In total, there were 54 different mitochondrial haplotypes in C. formosanus, 9 of which were hypothetical and 28 of which were made up by a single individual (Fig. 2A). Acutogordius taiwanensis presented 9 haplotypes, none of which were hypothetical and 5 of which were made up by a single individual; however, 5 haplotypes were separated from the most common one by just 1 mutation (Fig. 2B). 24 haplotypes, with 5 hypotheticals, were counted for G. chiashanus, and 15 of these were made up by a single individual (Fig. 2C).

Figure 2. Haplotype networks based on COXI fragments. (A) Chordodes formosanus; (B) Acutogordius taiwanensis; (C) Gordius chiashanus.

Pi was 297585 for C. formosanus, around 0.001 for A. taiwanensis and 67063.1 for G. chiashanus. C. formosanus had 54 segregating sites and 30 parsimony-informative ones, while A. taiwanensis had 11 and 4 and G. chiashanus had 30 and 23, respectively. Tajima's D for C. formosanus was around 3.889 × 107, while it was around −2.692 for A. taiwanensis and around 1.209 × 107 for G. chiashanus; this statistic was significant (P = 0) for both C. formosanus and G. chiashanus, but not for A. taiwanensis (P ≈ 1) (Sup. Table 3).
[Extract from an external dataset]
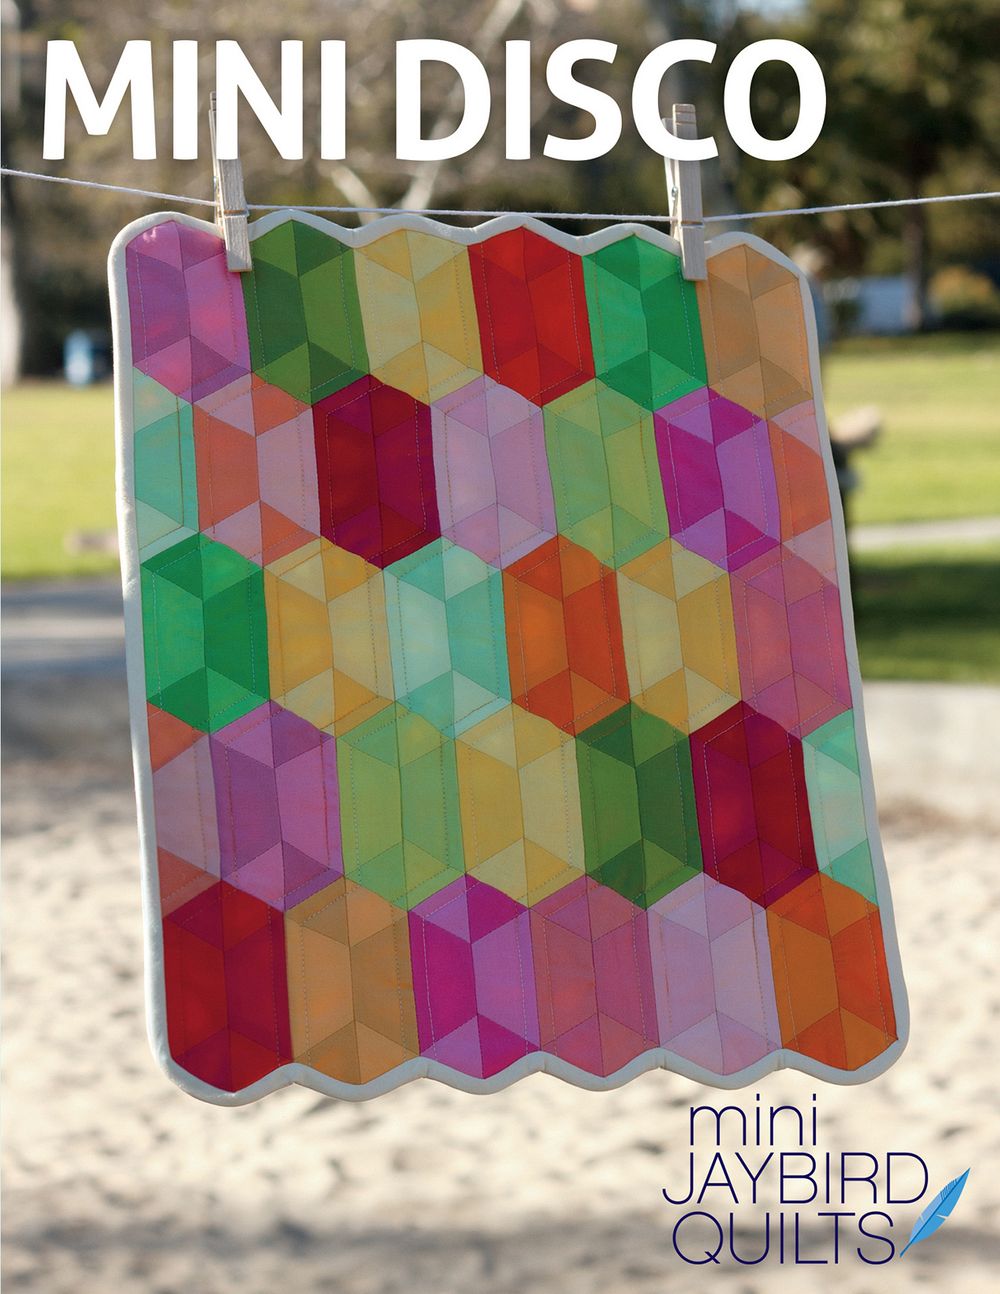 Mini Disco Quilt Pattern By Julie Herman of Jaybird Quilts

For the Coalescent Bayesian Skyline plot analyses, the number of variable sites was 49 for the Taiwanese samples of C. formosanus, while it was 12 for the Japanese ones. After removing the Myanmar sequence, 7 variable sites were retained for A. taiwanensis. We did not change the alignment file for G. chiashanus, and therefore 30 variable sites remained (Sup. Data). The best substitution model for the Taiwanese samples of C. formosanus was TrN + G4, while TIM1 was the best for the Japanese ones. HKY + I and TPM3uf + I were the best models for A. taiwanensis and G. chiashanus, respectively (Sup. Table 4). The Bayesian Skyline Plot results show how both the populations of C. formosanus are having a small decline, while A. taiwanensis's population tends to be stable (Fig. 3). G. chiashanus's population size seemed to be increasing until recently (Fig. 3).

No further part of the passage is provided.